> Task prompt: Exclude every picture. Output verbatim the lines from the one containing "區長致贈課室主管春節鮮魚禮盒,並祝福大家2018金狗年旺來福" to the end of the data.

> Provided material:
════
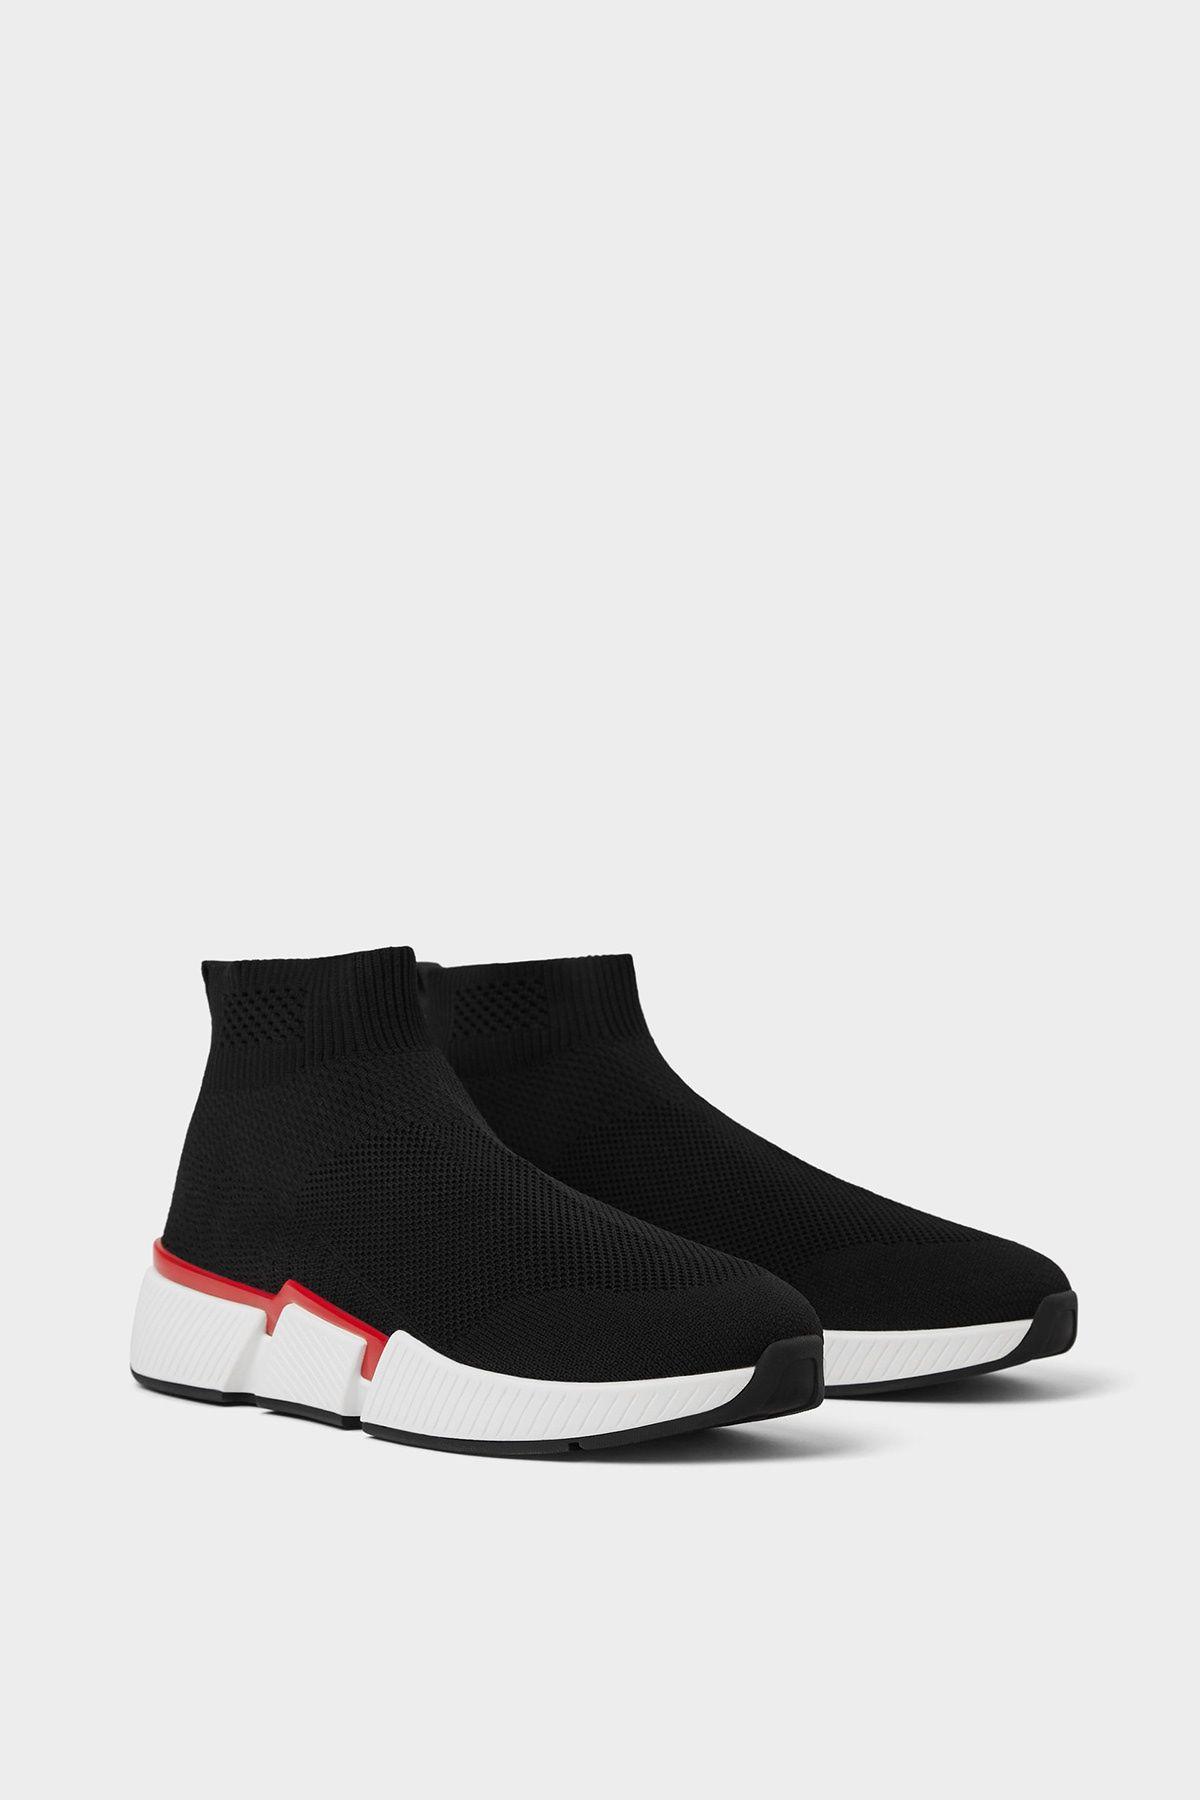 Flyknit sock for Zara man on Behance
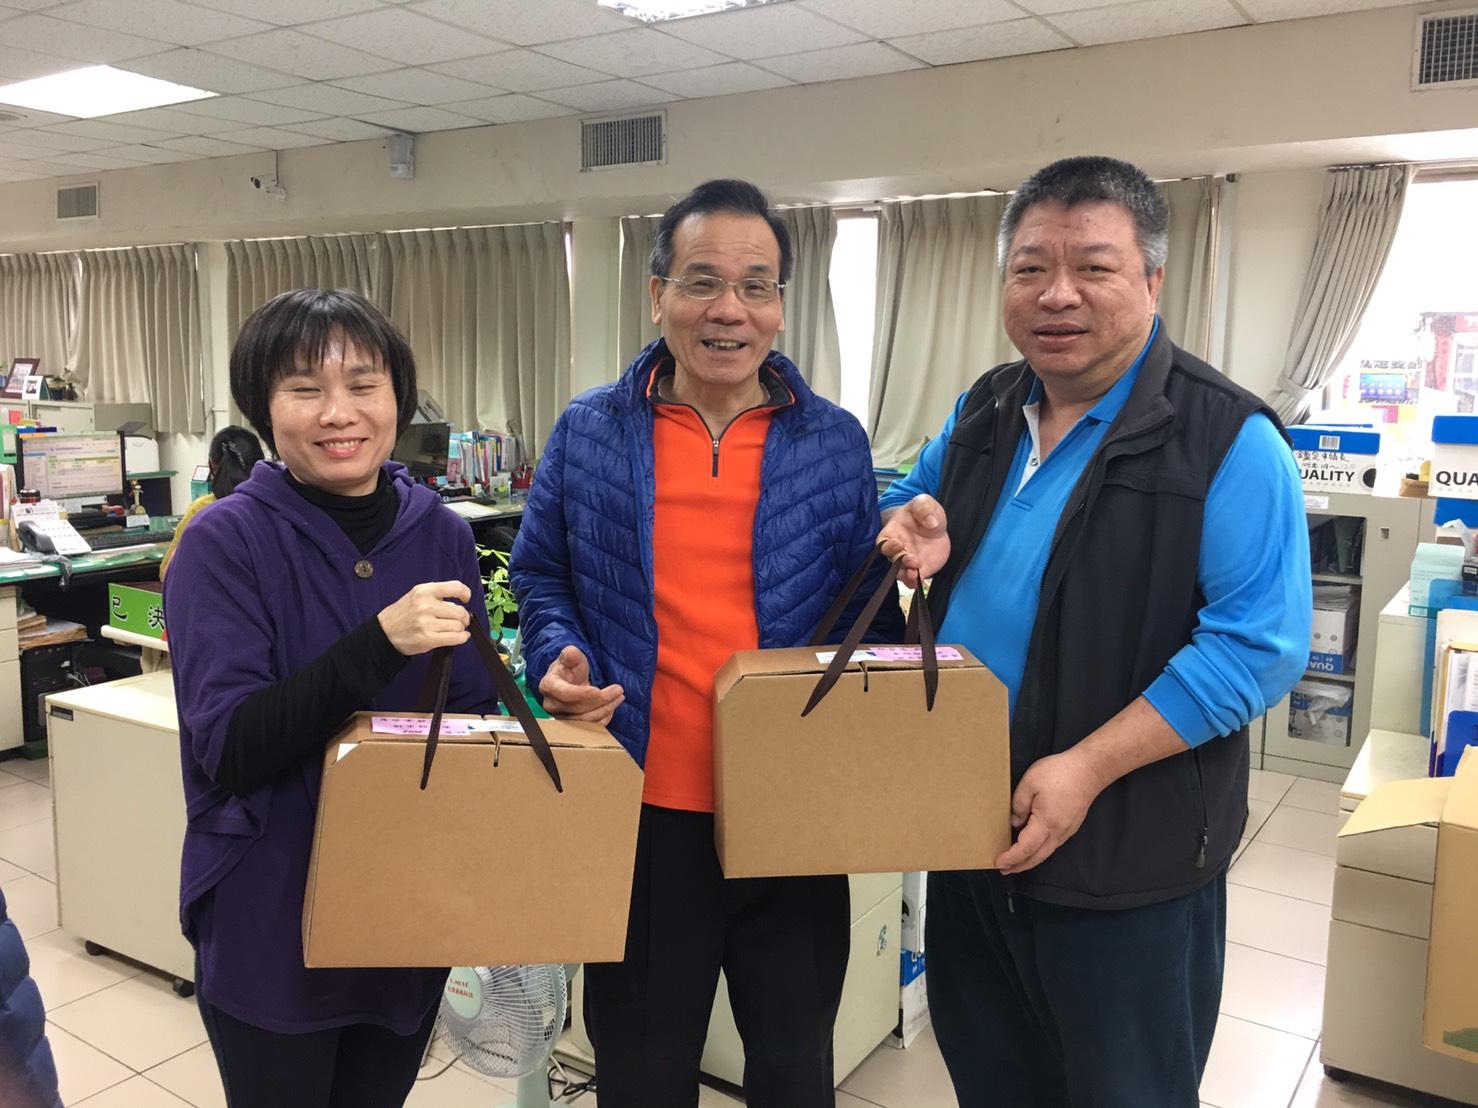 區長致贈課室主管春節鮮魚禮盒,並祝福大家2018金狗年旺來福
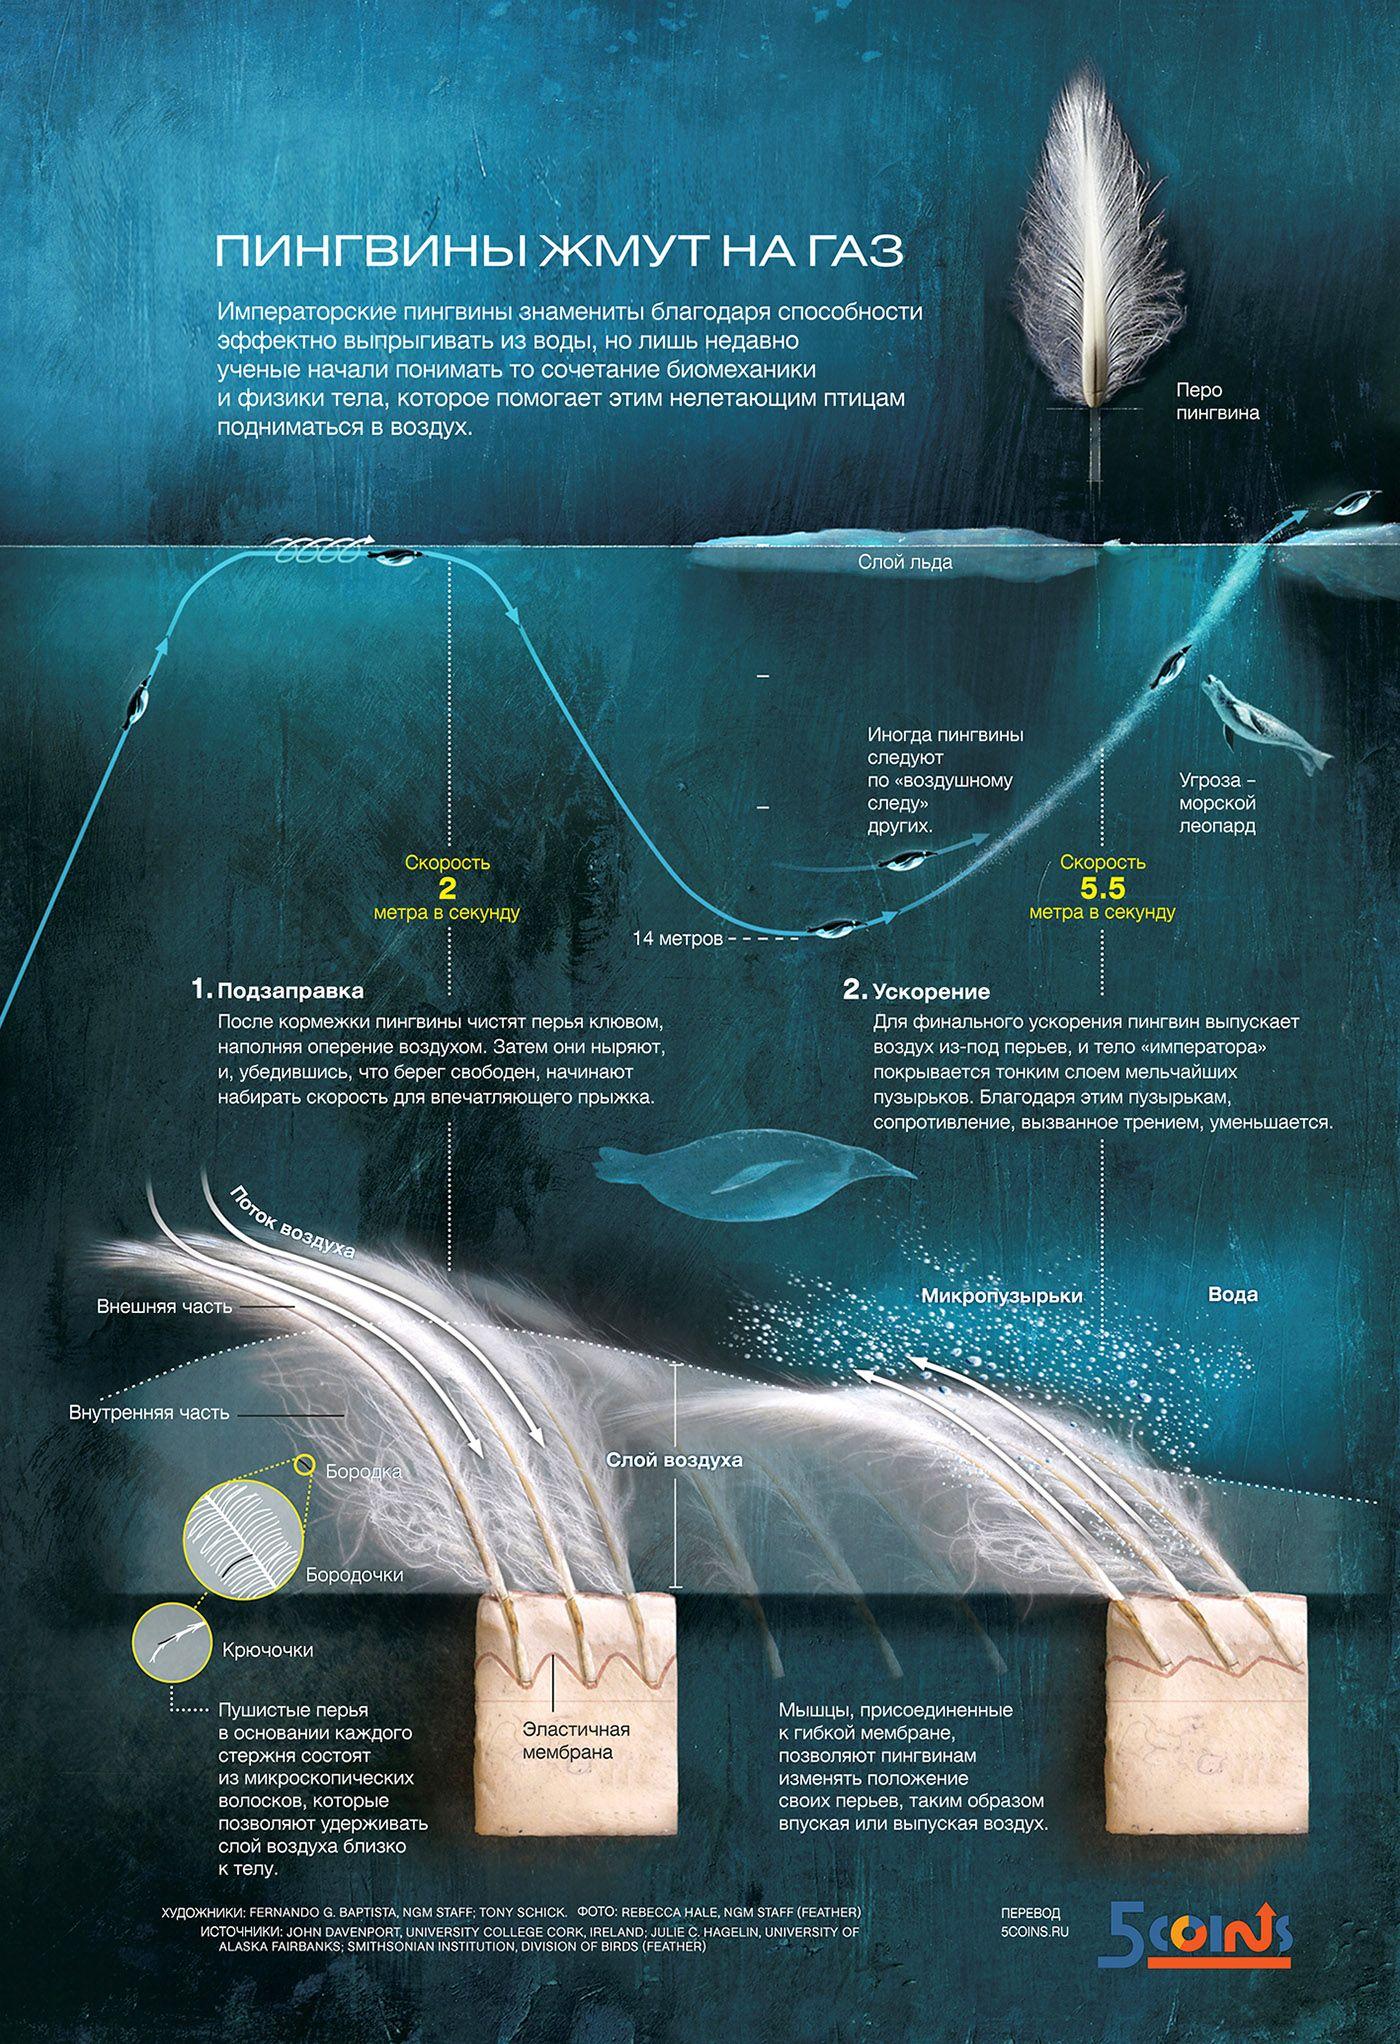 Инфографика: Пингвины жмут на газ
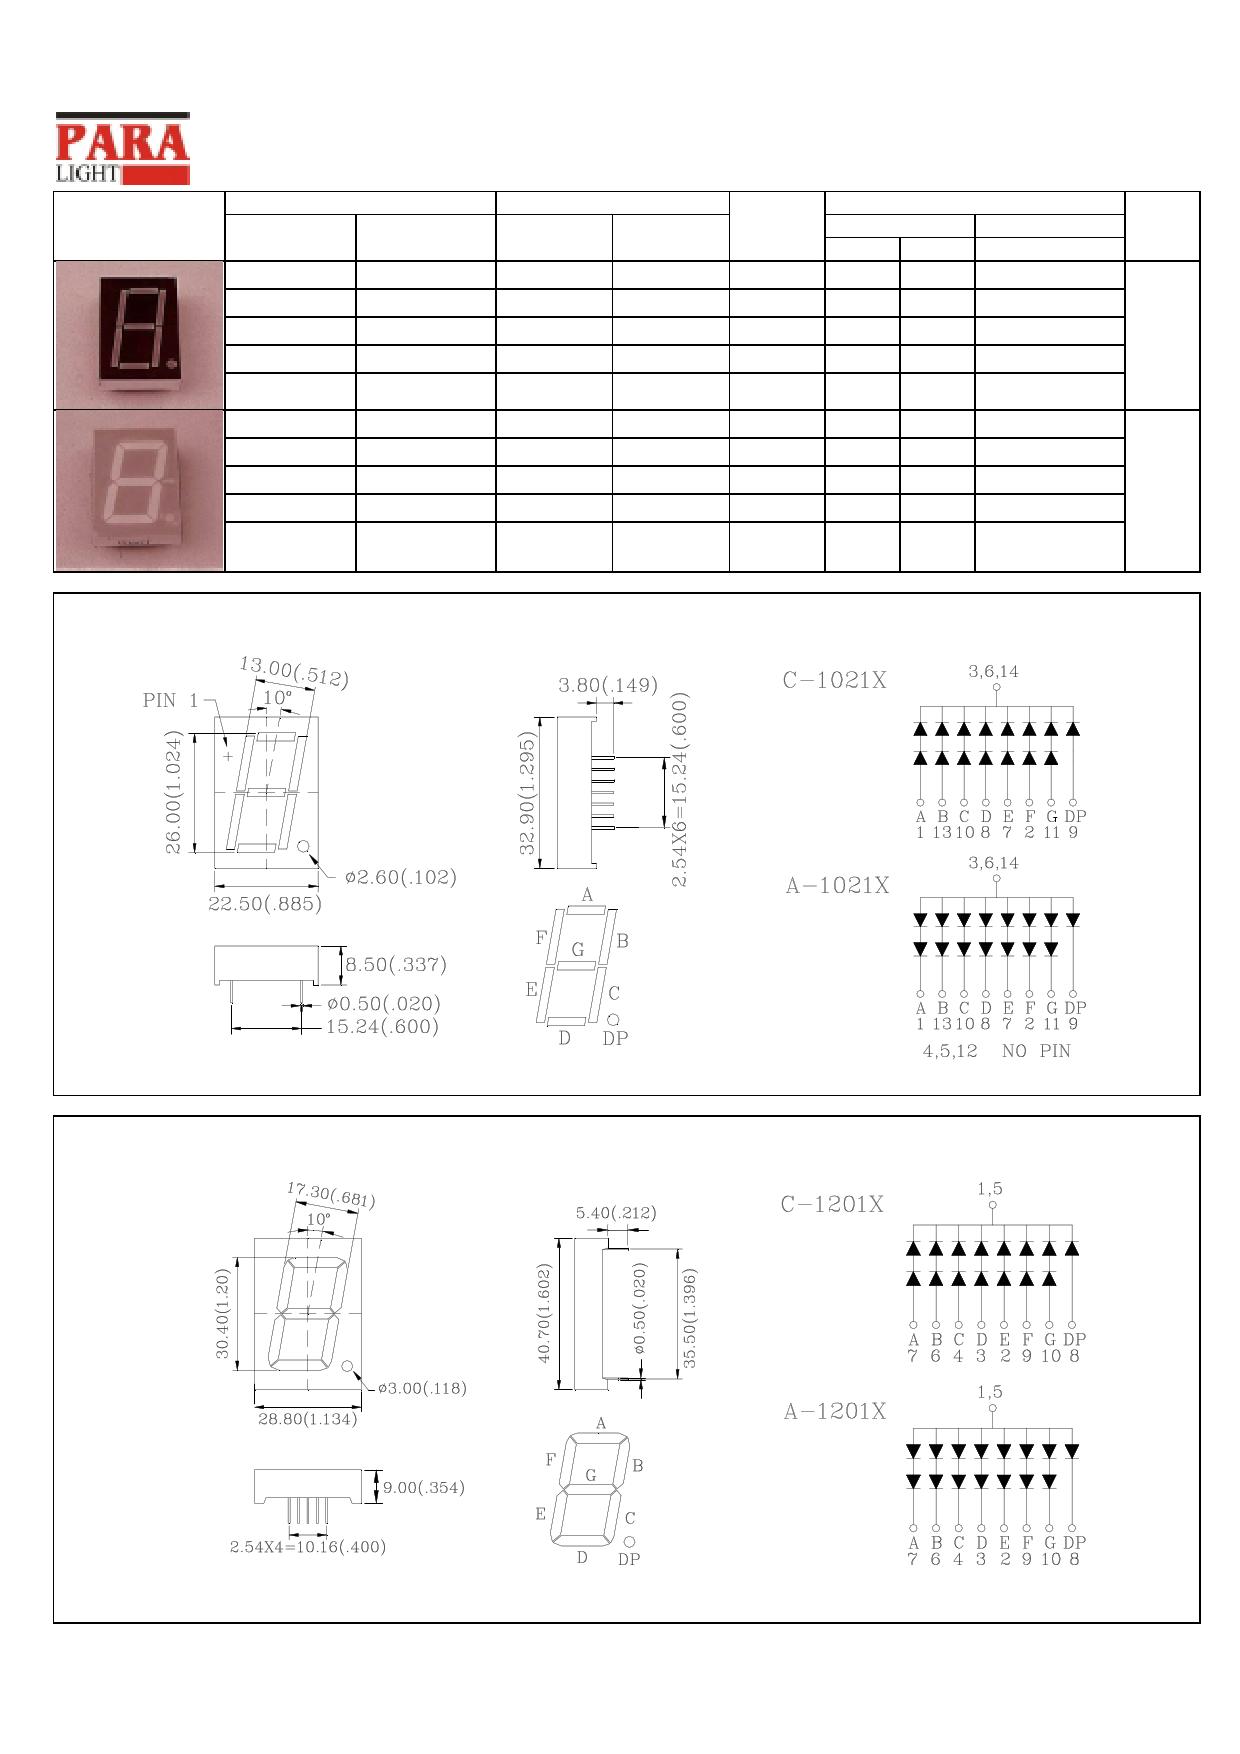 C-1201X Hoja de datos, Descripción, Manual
════
> Response area:
 區長致贈課室主管春節鮮魚禮盒,並祝福大家2018金狗年旺來福
 Инфографика: Пингвины жмут на газ
 C-1201X Hoja de datos, Descripción, Manual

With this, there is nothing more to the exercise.